The weather was continuing to hold out as we made our way to the last destination of the day. Weather, however, didn't matter for this visit. This was going to be a purely indoor event with plenty of heat. Yes, it was time for a whiskey tour. We still hadn't made it to our famous distillery in the SOUTH (Jameson's, just north of the Liffey in Dublin). But how can you drive through the town of Bushmills multiple times and not stop? From the size of the parking lot and the facilities for large coaches, this is one busy place during the season. For us, it was pretty quiet. The kids now know how to distill spirits and after watching a few seasons of MASH are now ready to try some of their own. They didn't allow us to take any pictures on the tour. They said it was for safety, but I think it was because they didn't want anyone to take pictures of the Jameson's bottles in their bottling facility. Yes, you read that right. There were a bunch of Jameson's bottles clearly visible on the line. Turns out that Bushmills was sold to the man a few years ago (Diagio's). Before that, Bushmills and Jameson's were owned by the same company (Irish Distillers). So they bottled it all in Bushmills. Since they had some type of long-term contract, they still bring the Jameson's up to Bushmills via tanker truck (that's what the tour guide said) and bottle on one of the lines. This, frankly, took a little of the romance out of whisky manufacturing for me, but I also thought of the great news story it would be if a truck somehow managed to get lost or in an accident on the way to the NORTH and all the good Irish jokes it would generate... The kids did not really like the smell of anything here, but Rod really wanted me to buy him a bottle of 21-year old Bushmills that would be bequeathed to him on his 21st birthday. I settled for a 16-year old and I'll give him a shot then. Just kidding about giving him a shot.

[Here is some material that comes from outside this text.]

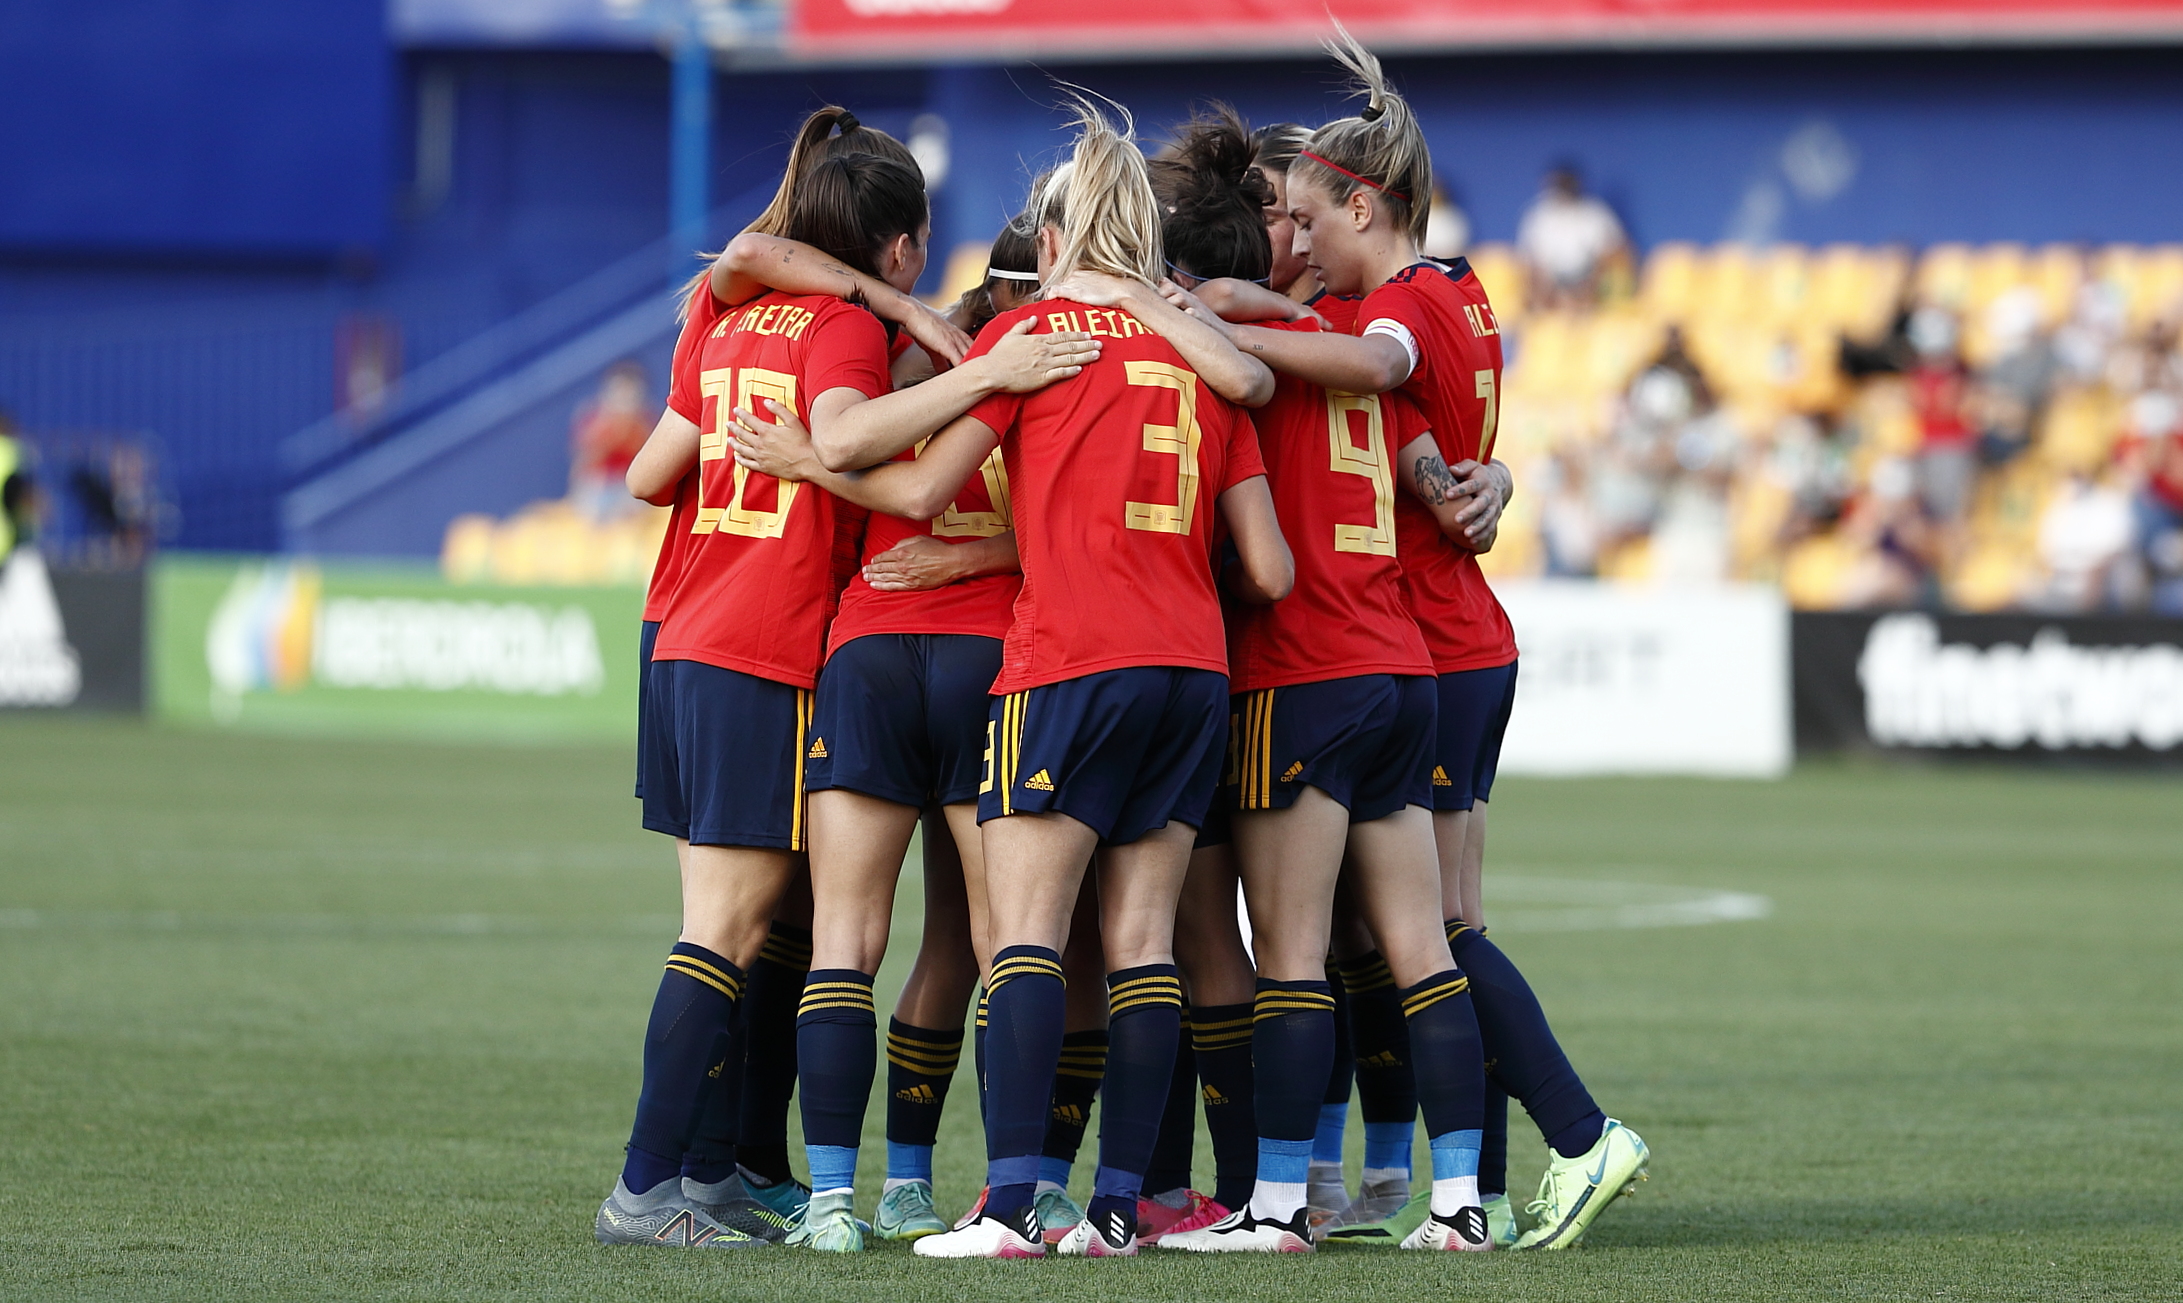 Selección Española Femenina de Fútbol on "📝 CRÓNICA I La Selección española femenina no conoce sus límites. 🇪🇸🆚🇩🇰 I 3-0 #JugarLucharYganar 🔗 https://t.co/ujIInTxkUs https://t.co/Swg8m1rMFm" / Twitter

This day was St. Patrick's Day, but in the NORTH, I saw NOTHING other than one lady at Dunluce Castle that had shamrock stockings on. This holiday definitely is not one that unites the NORTH and the SOUTH in Ireland.
But I've found my comeback when I hear my very fortunate children complain about their lot in life.
"You know, things could be worse. You could be a rivet catcher in the shipyard."
During the Titanic visit, they showed how the ship was built. There were no fully-automatic rivet machines. So there was a crew of 5 (yes, five) people on a rivet team.
- Heater
- Catcher
- Bucker
- Right-hand hammer
- Left-hand hammer
| In the dry dock where Titanic was built. |
After the Titanic, the two hour ride to collect Radley and get home went pretty quickly. We're all back in our routines tomorrow.